* **What the task requires**
Your answer must be the full listing below, repeated exactly, with no pictures in it.

* **Data below**
"""
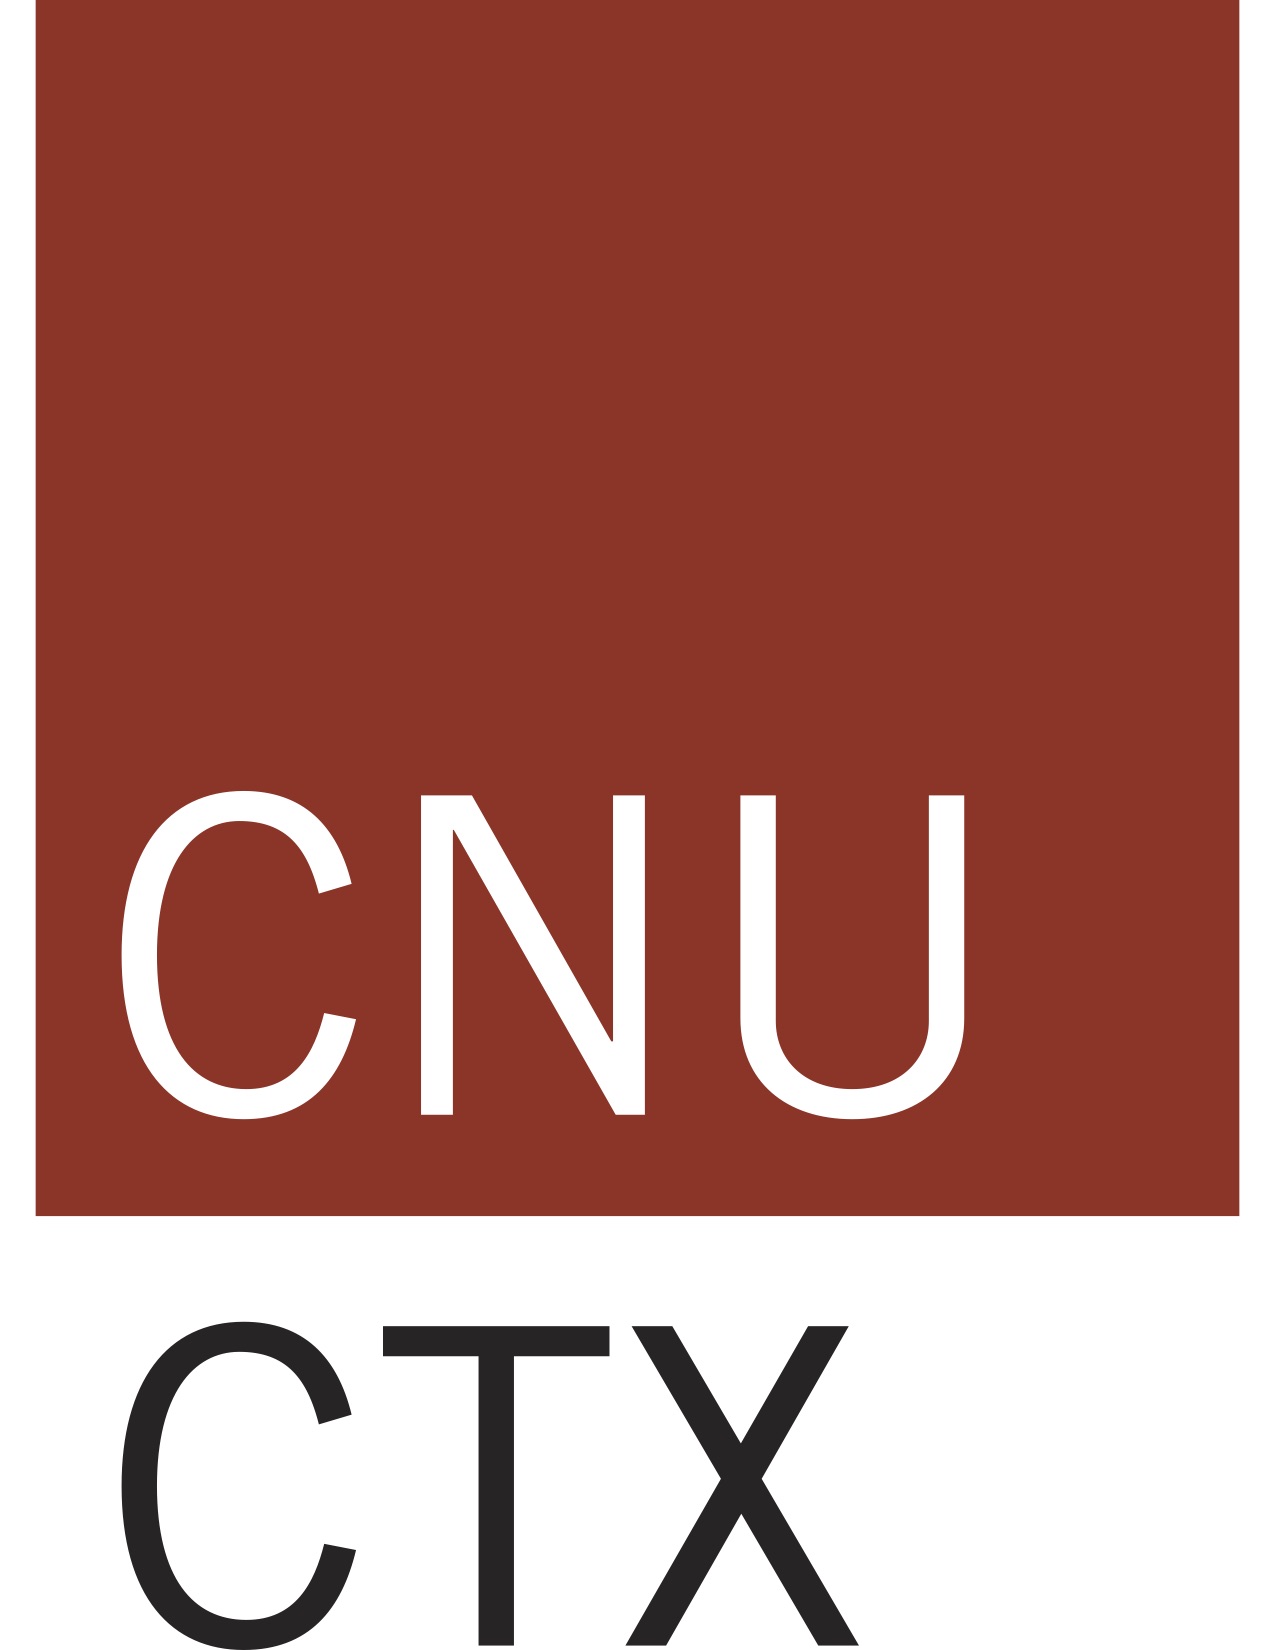 cnu-ctx-logo-red copy 2.jpg
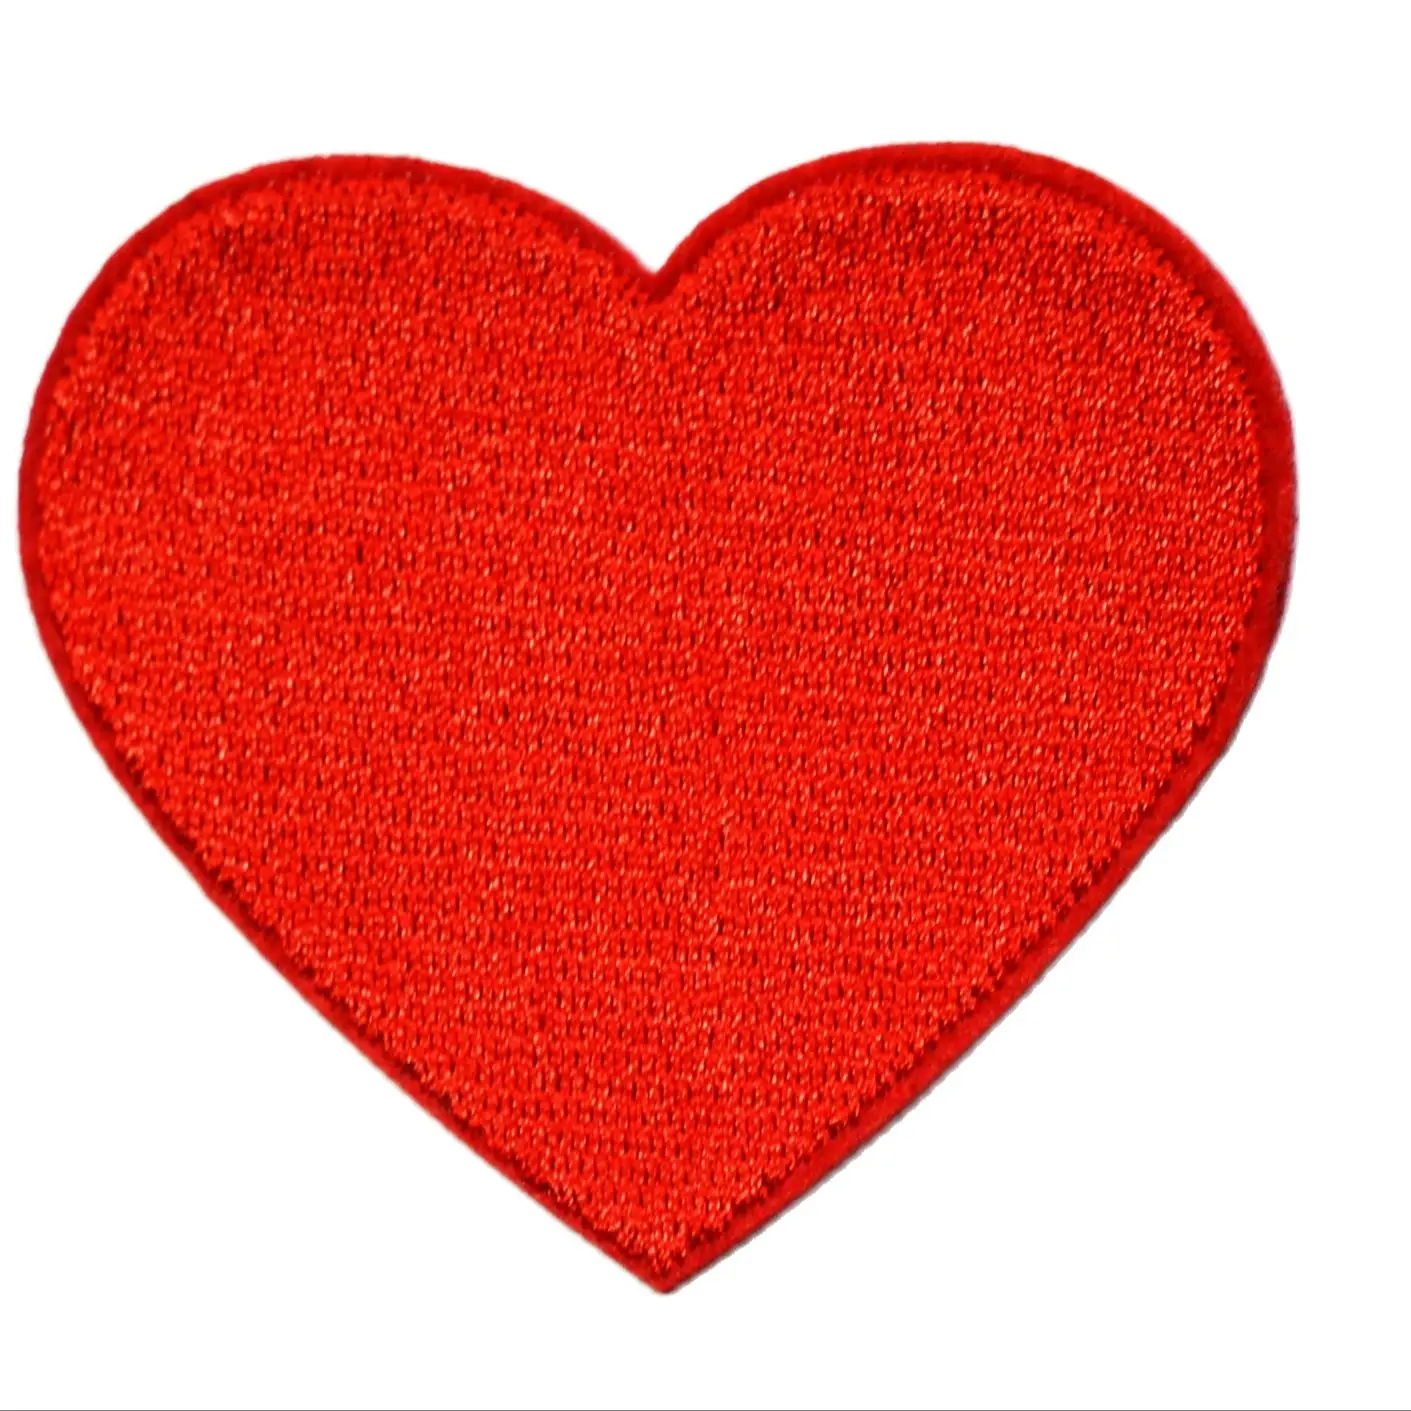 

5x Красное сердце любовь День Святого Валентина 70s ретро фоторазвлекательная аппликация утюгом нашивка (≈ 5,5*5,2 см)
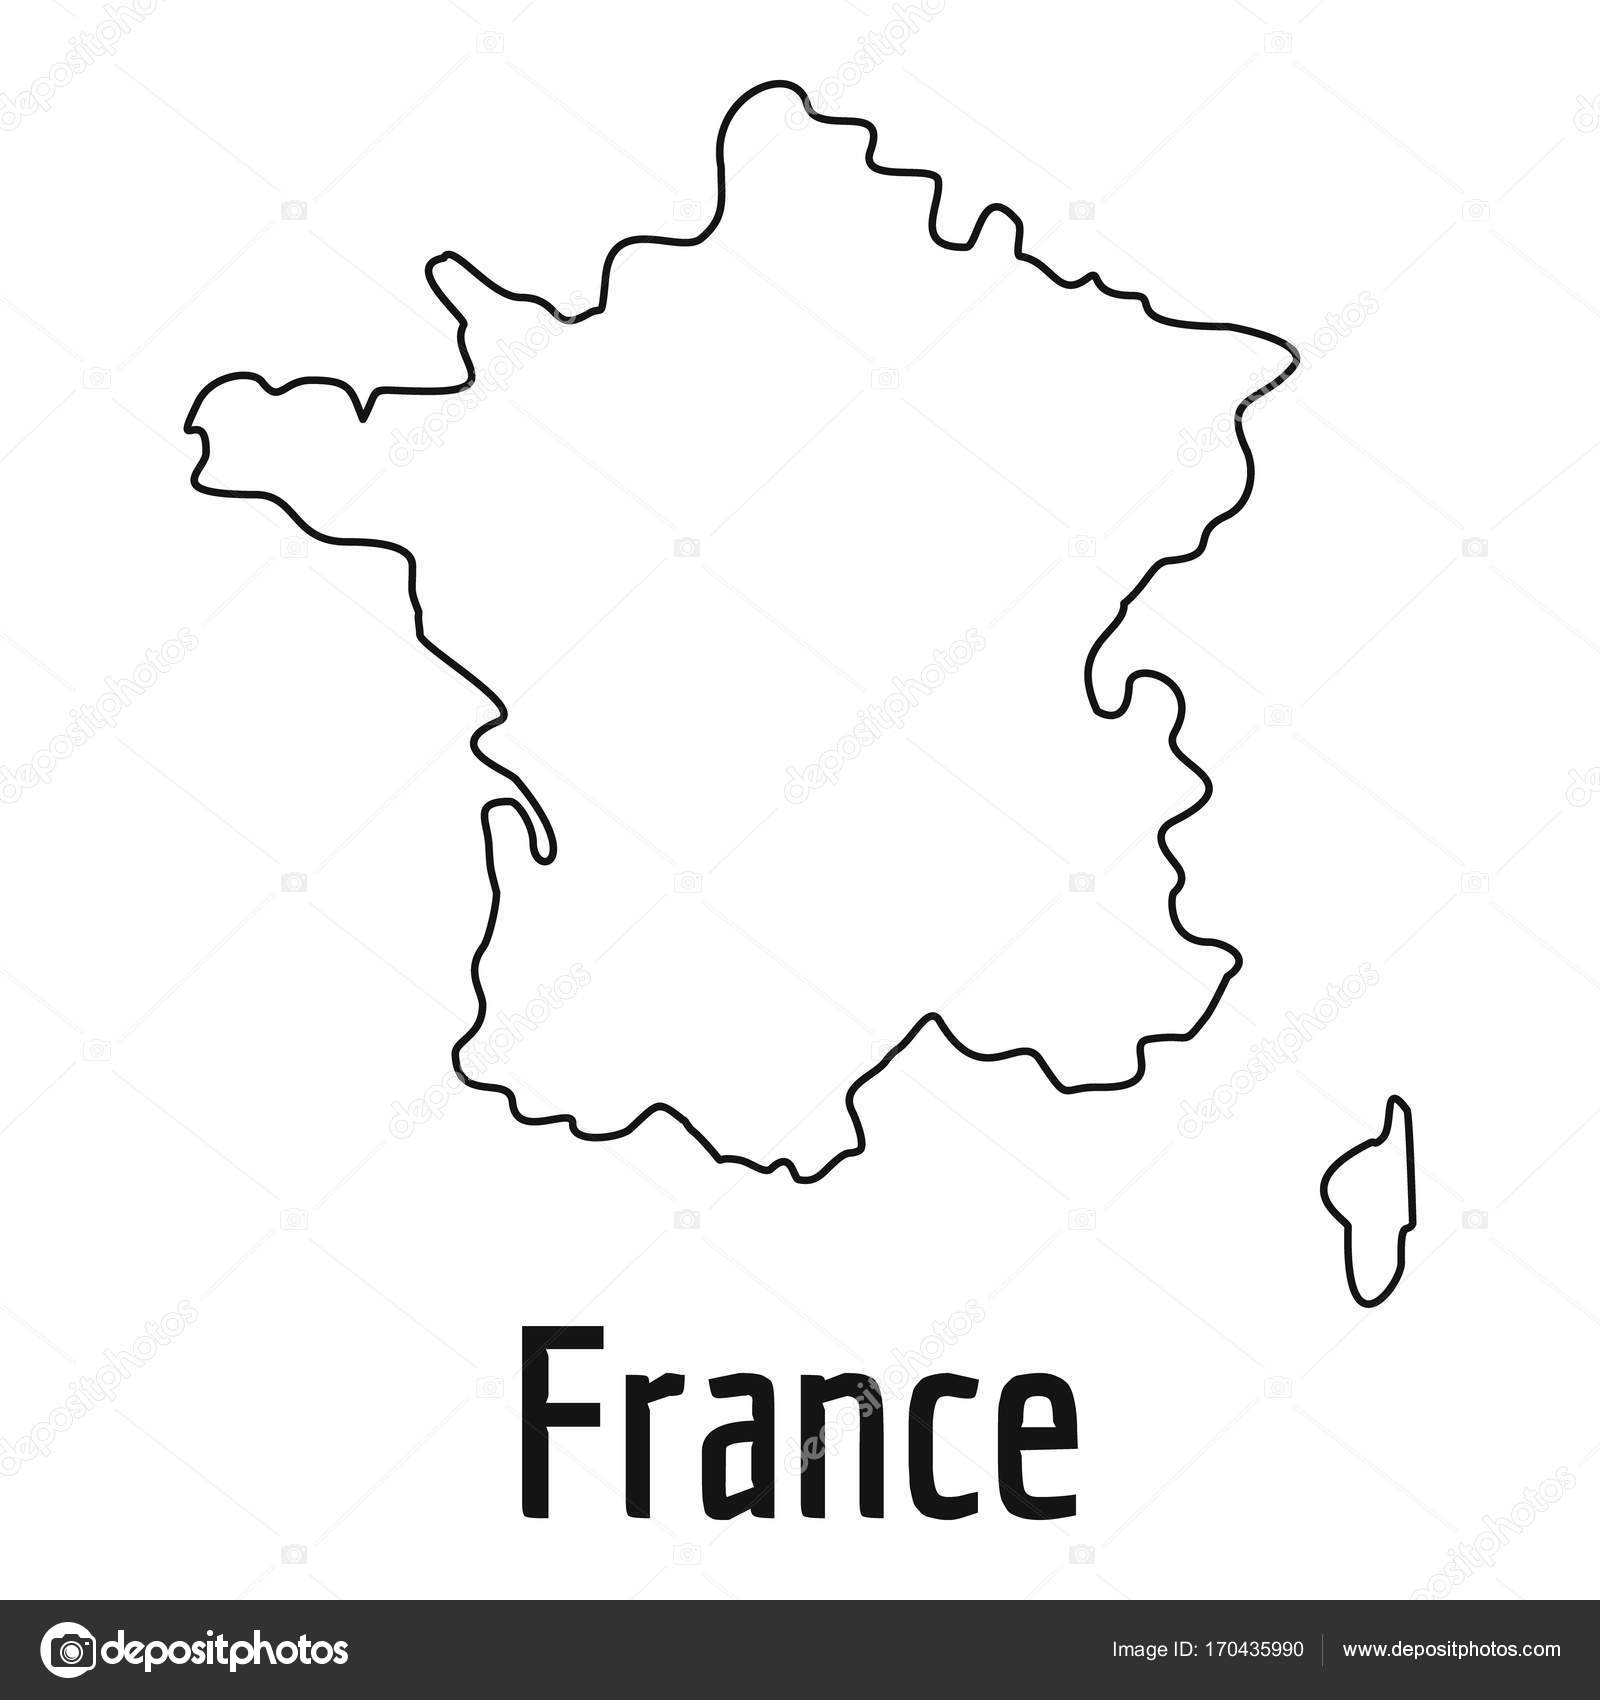 フランス イラスト 簡単 花の画像無料
"""
* **Finished exercise**
 cnu-ctx-logo-red copy 2.jpg

5x Красное сердце любовь День Святого Валентина 70s ретро фоторазвлекательная аппликация утюгом нашивка (≈ 5,5*5,2 см)
 フランス イラスト 簡単 花の画像無料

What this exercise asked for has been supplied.